The goal of the authentication layer is to optionally provide a layer of redundancy. If firewalling or any other system implemented to protect Redis from external attackers fail, an external client will still not be able to access the Redis instance without knowledge of the authentication password.
Note: The AUTH command, like every other Redis command, is sent unencrypted, so it does not protect against an attacker that has enough access to the network to perform eavesdropping.
- We actually monitor the machine memory usage as well as the redis memory usage to shard our redis backend more as needed. Even so, its safer to set a reasonable limit of memory that redis should use so that we don’t have a scenario where redis uses all available memory on a machine and then crashes.
- From Redis Documentation:
Redis background saving schema relies on the copy-on-write semantic of fork in modern operating systems: Redis forks (creates a child process) that is an exact copy of the parent. The child process dumps the DB on disk and finally exits. In theory the child should use as much memory as the parent being a copy, but actually thanks to the copy-on-write semantic implemented by most modern operating systems the parent and child process will share the common memory pages. A page will be duplicated only when it changes in the child or in the parent. Since in theory all the pages may change while the child process is saving, Linux can’t tell in advance how much memory the child will take, so if the overcommit_memory setting is set to zero fork will fail unless there is as much free RAM as required to really duplicate all the parent memory pages, with the result that if you have a Redis dataset of 3 GB and just 2 GB of free memory it will fail.

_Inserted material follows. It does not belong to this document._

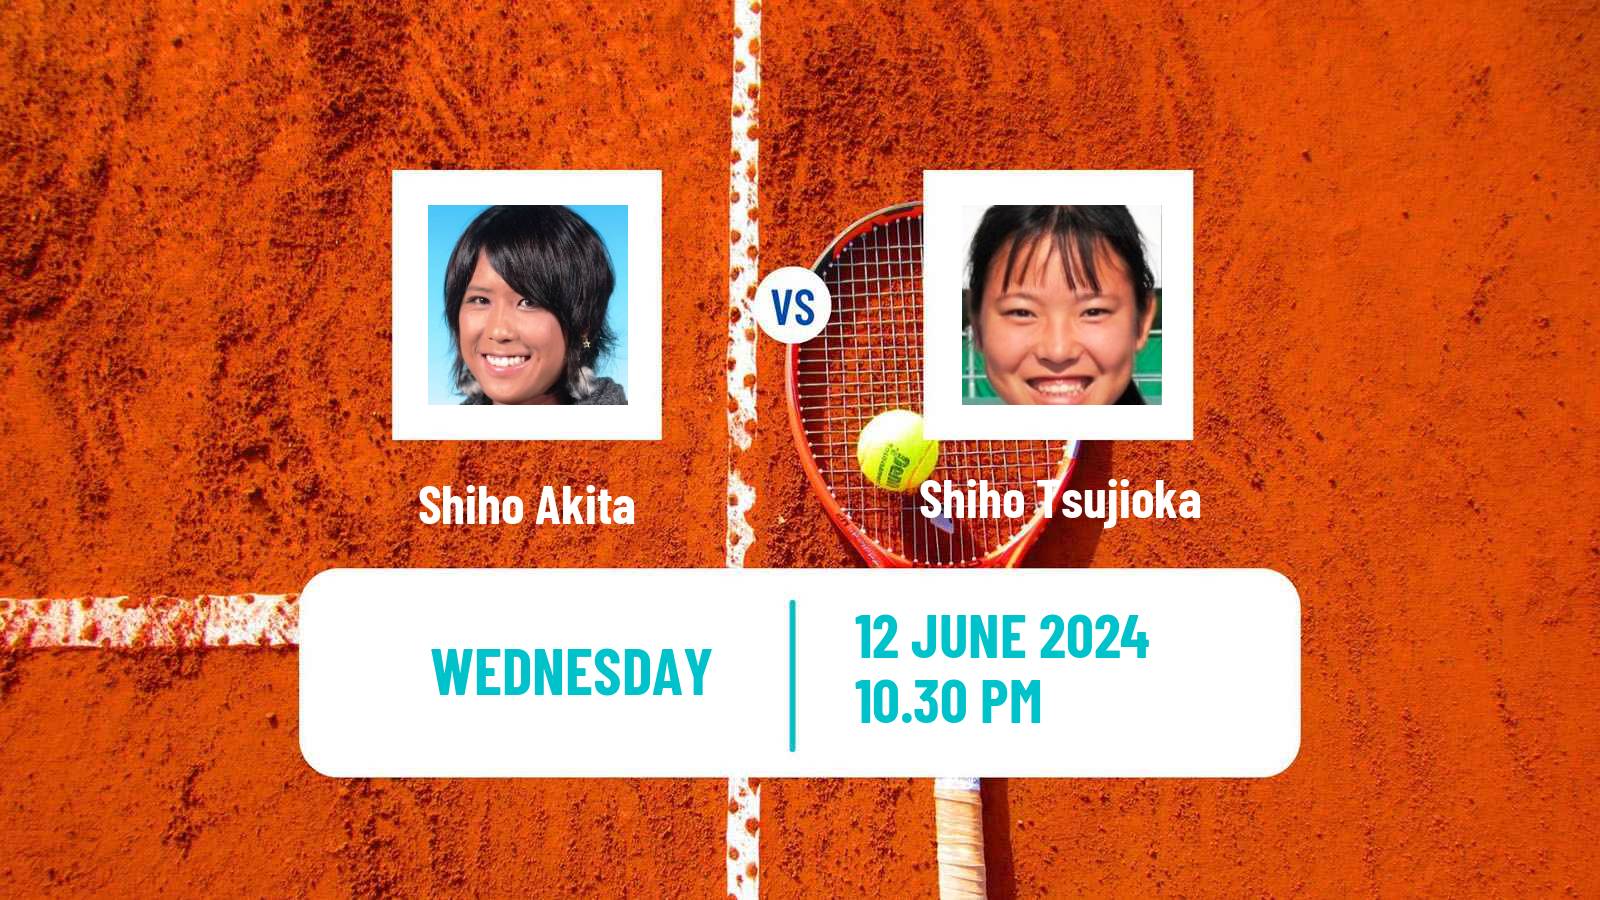 Tennis ITF W15 Tokyo 2 Women Shiho Akita - Shiho Tsujioka

Setting overcommit_memory to 1 says Linux to relax and perform the fork in a more optimistic allocation fashion, and this is indeed what you want for Redis.
- Because of the large memory footprint we expect redis to use and the fact that we have to use an optimistic memory allocation setting, running anything else that might use up a lot of memory on the same machine can lead to failures.

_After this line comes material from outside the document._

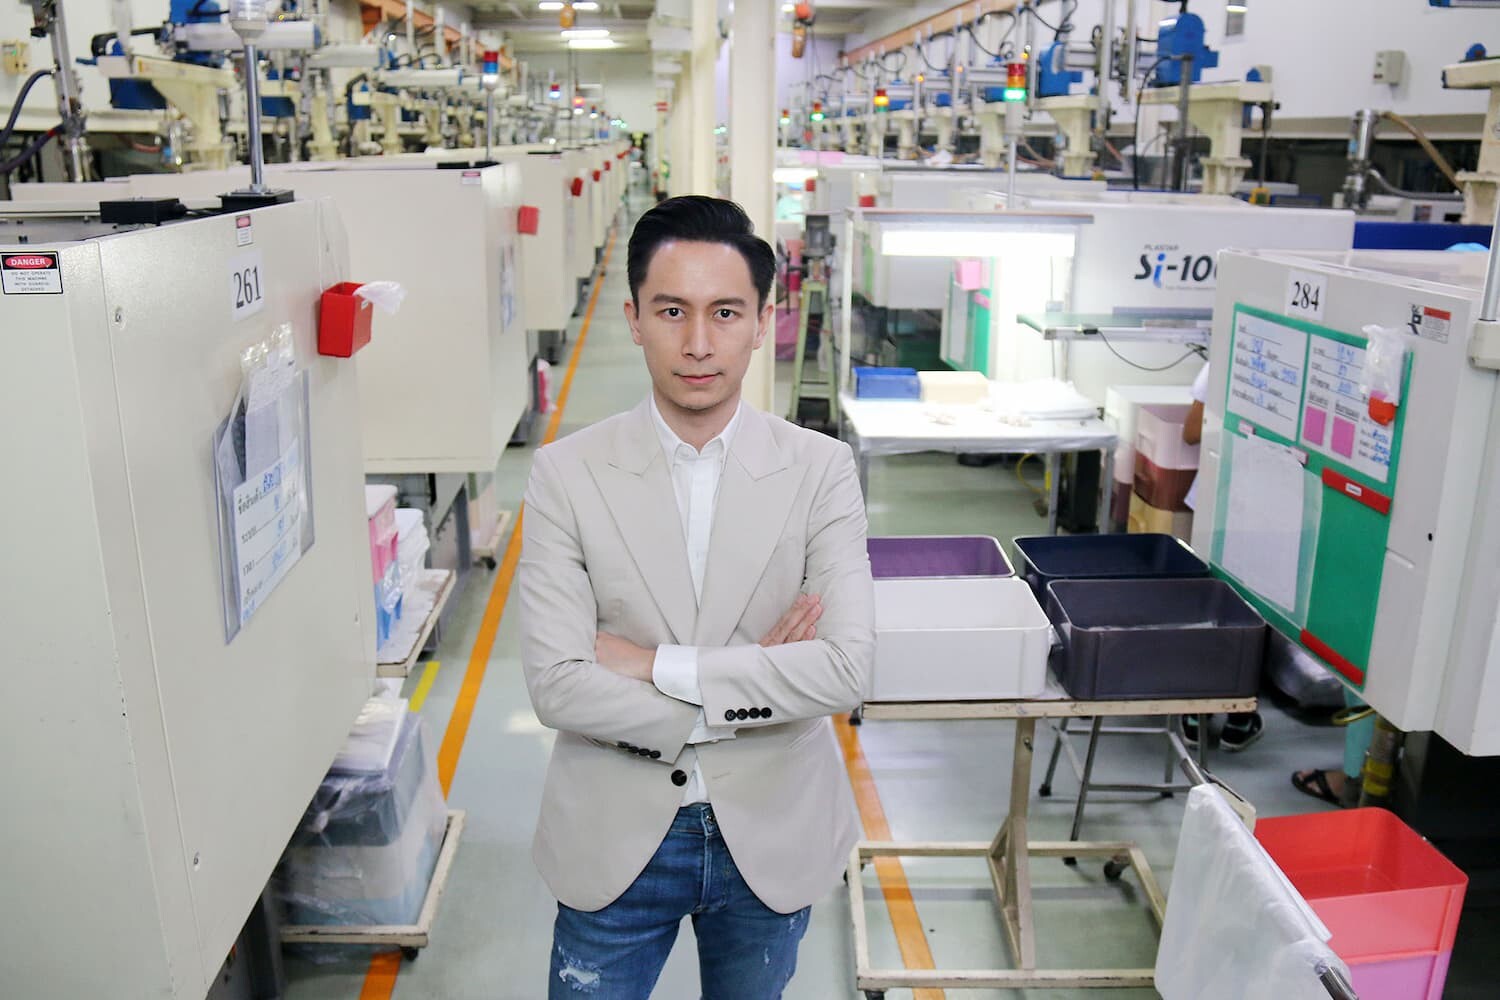 เจาะลึก "ฮูเวอร์อุตสาหกรรม" ผู้นำธุรกิจบรรจุภัณฑ์เครื่องสำอาง ปรับตัวแก้โจทย์ตลาดไทย - สร้างมาตรฐานแข่งขันตลาดโลก

- This is a optimization to make sure the master Redis instance does not bottleneck because of disk writes. The work associated with persistence is offloaded as much as possible to a backup machine That being said, its important that the slave/backup machine is robust.
This is simply a second machine running Redis that is set as a slave to the master Redis instance. In AWS, remember to use internal ip addresses when setting this up, since it saves you money. Backups are a must when you are running redis in production for several reasons:
- It’s a backup! If your machine in front goes down, you fail over to the backup as you try to fix the first machine. More often than not, you can actually just promote the backup and setup a new backup when you are running on AWS.
- If you ever need to expand the number of machines used for serving, you can just promote your backup to a serving machine and set up new backups for both machines. I would be remiss not to mention that you do have to then go through both machines to delete the extra keys later, or else you really won’t have expanded your memory limit.
- You can run data analytics on the backup without affecting the all important performance of the actual serving machine.